### EXERCISE DETAILS
Please copy the lines below, exactly as they are, from the one with "Crocodile Shark coloring" through the one with "Null 3 oil-bath electric space heaters", and leave out the pictures.

### GIVEN INFORMATION
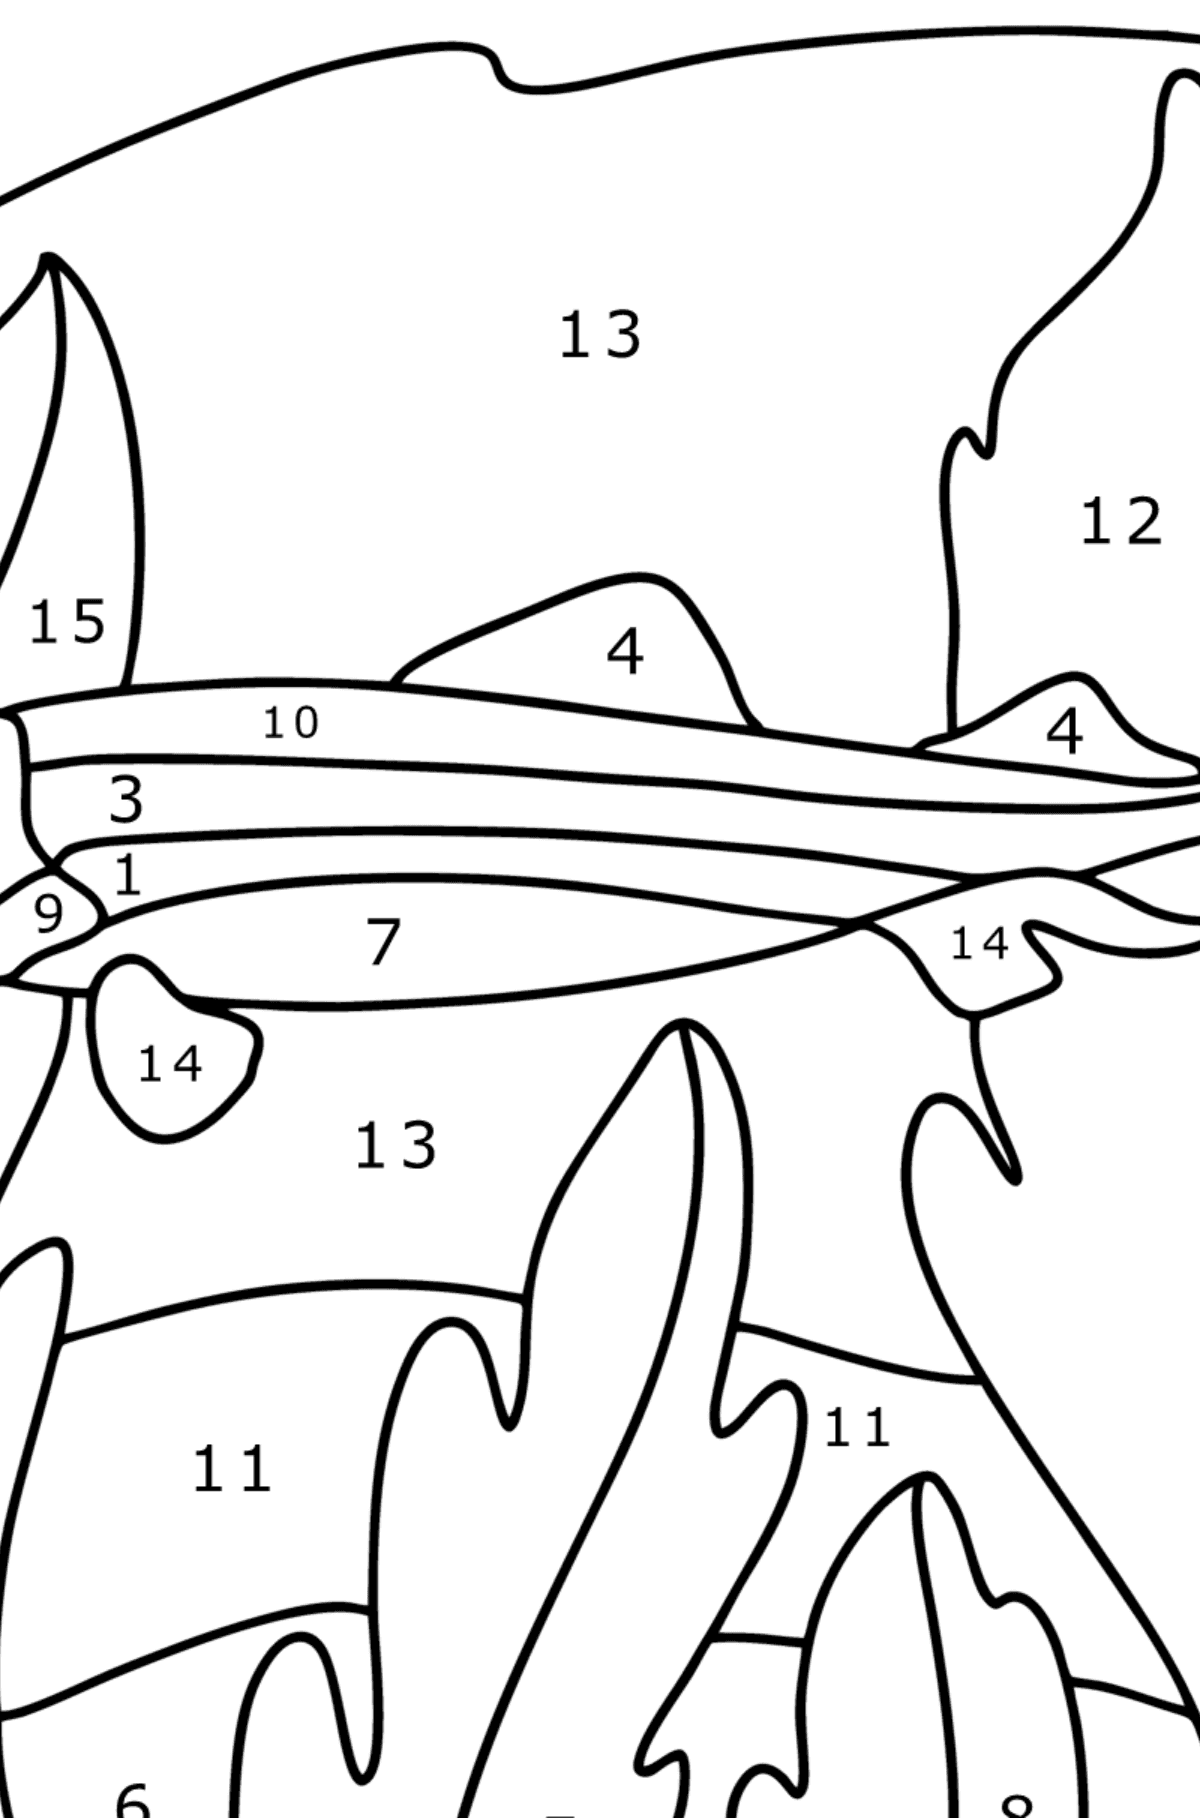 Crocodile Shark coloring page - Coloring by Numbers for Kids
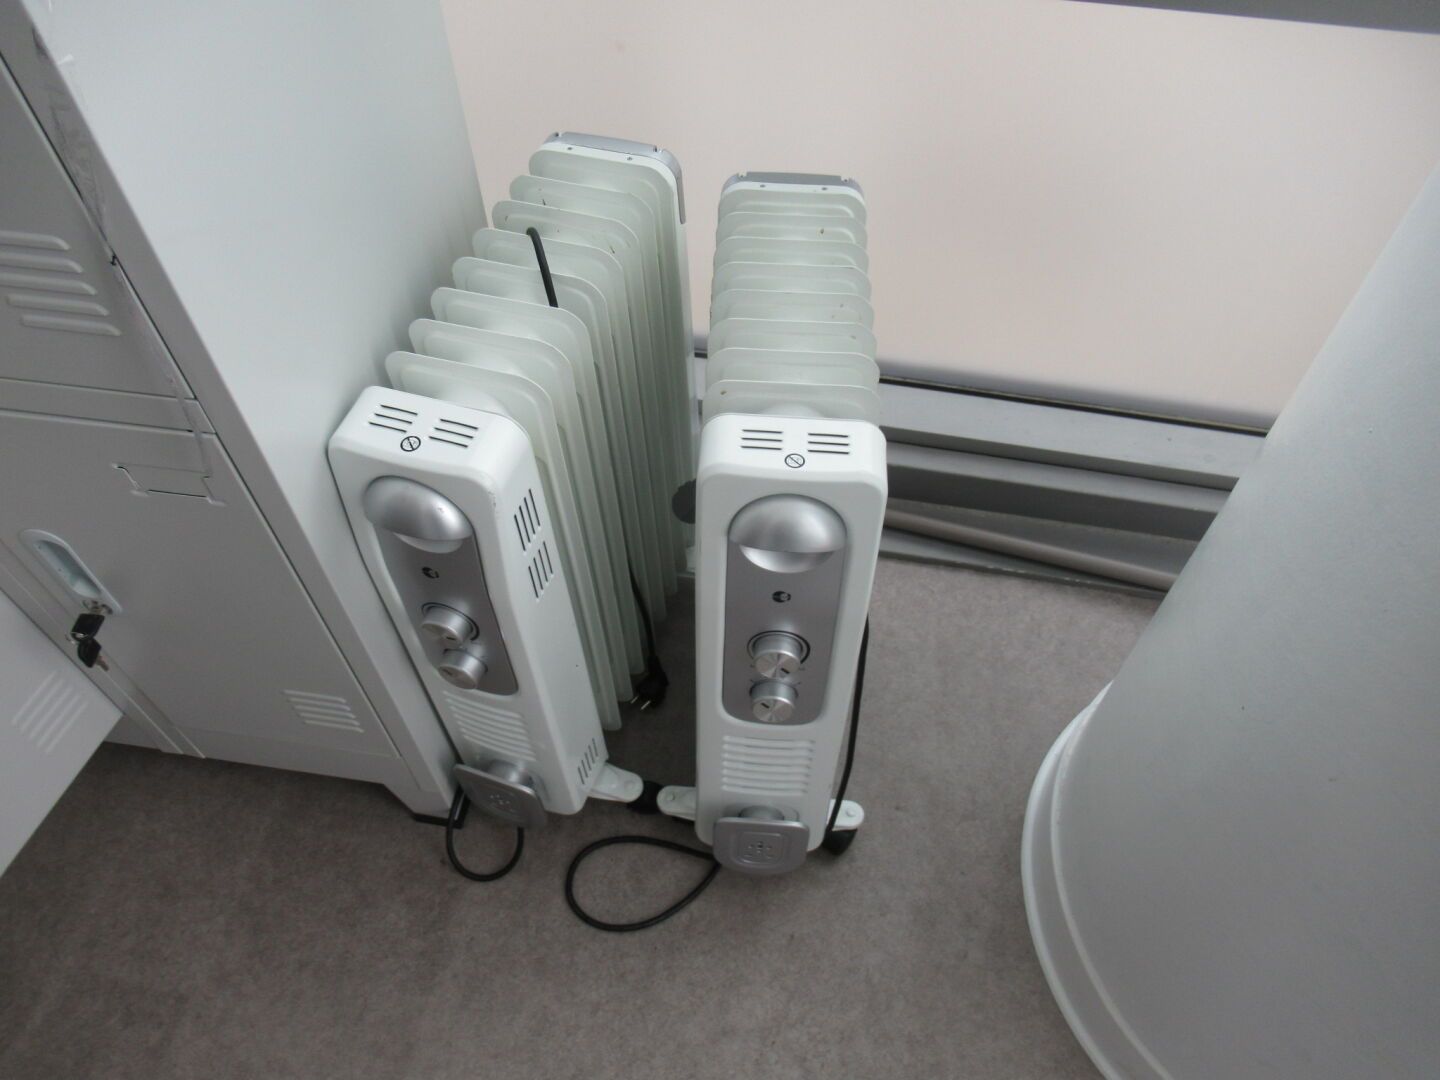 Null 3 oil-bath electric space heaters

---

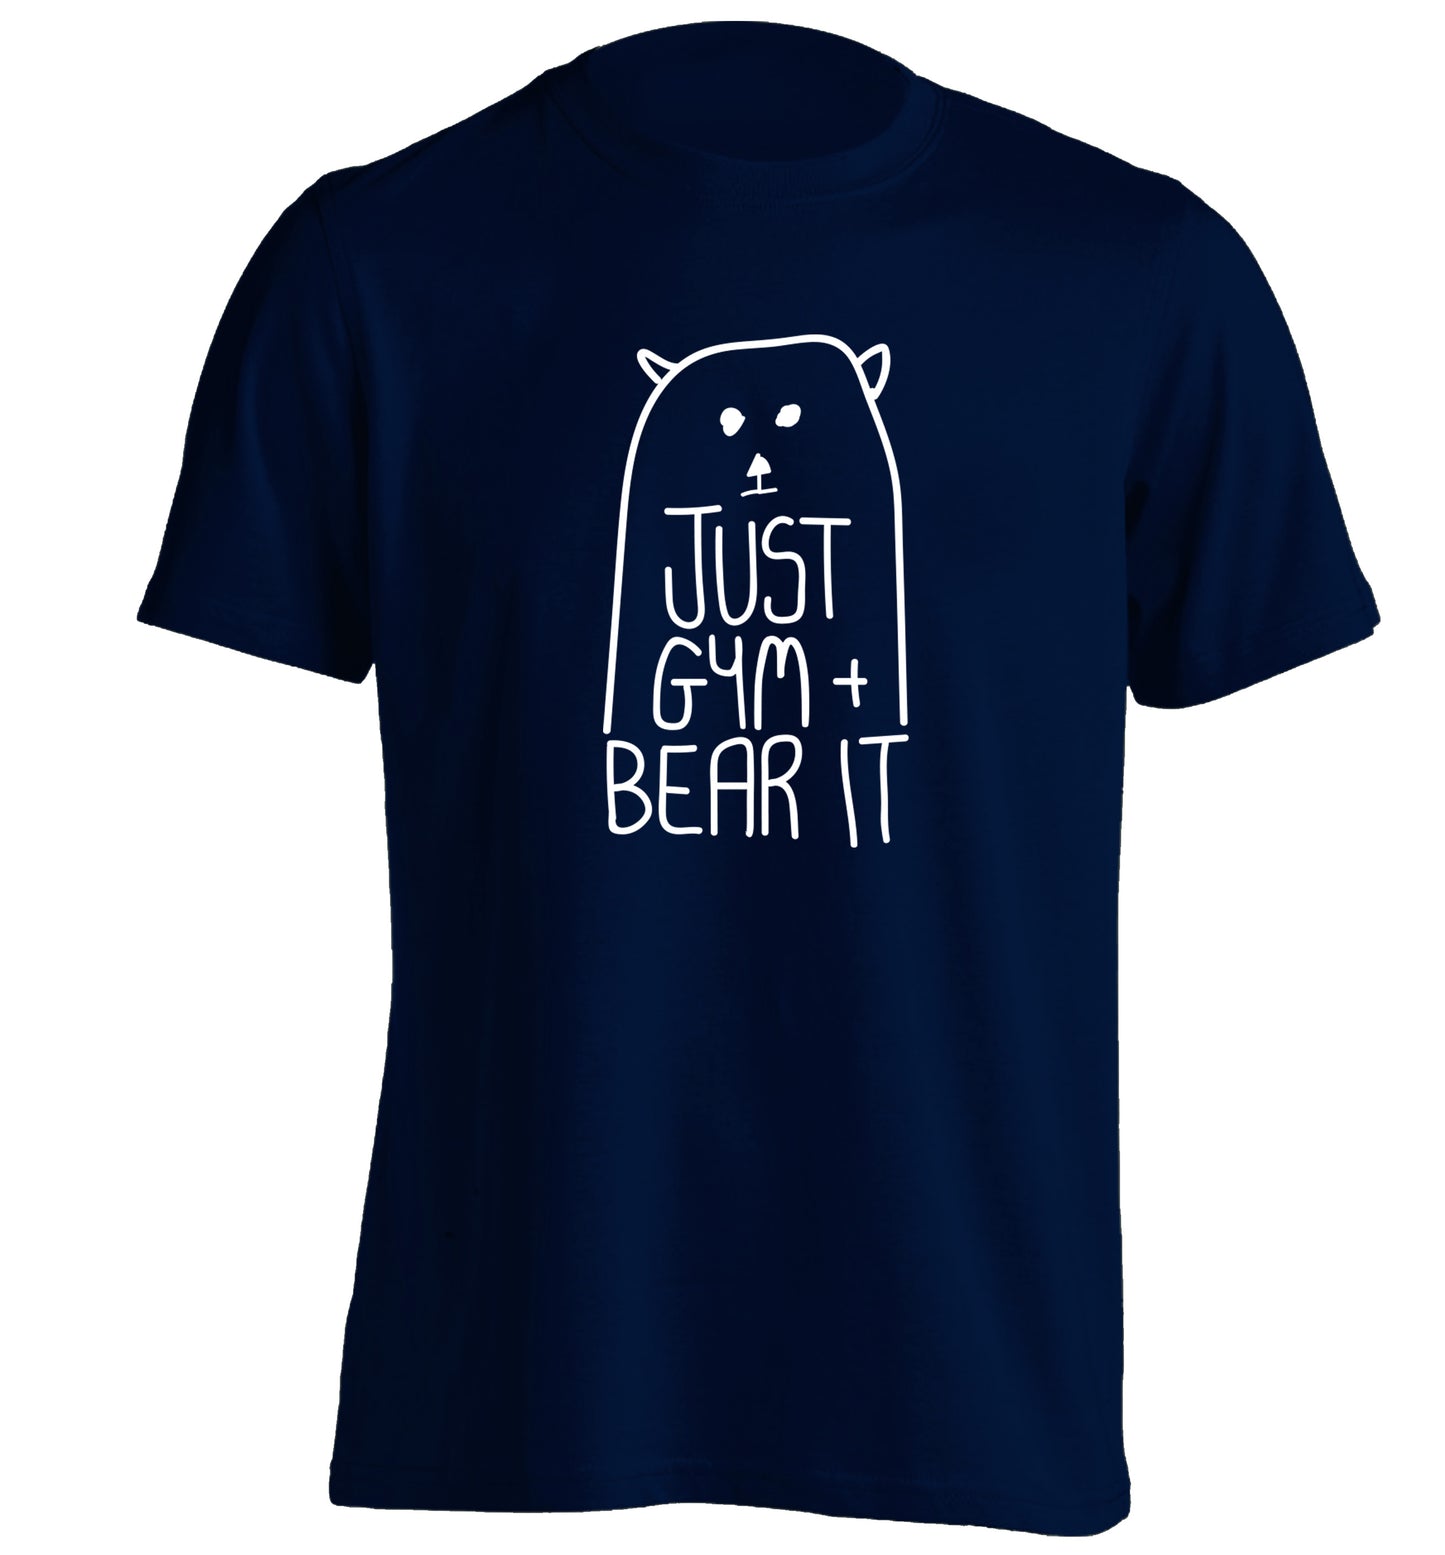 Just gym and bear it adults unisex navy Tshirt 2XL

### EXERCISE SOLUTION
 Crocodile Shark coloring page - Coloring by Numbers for Kids
 Null 3 oil-bath electric space heaters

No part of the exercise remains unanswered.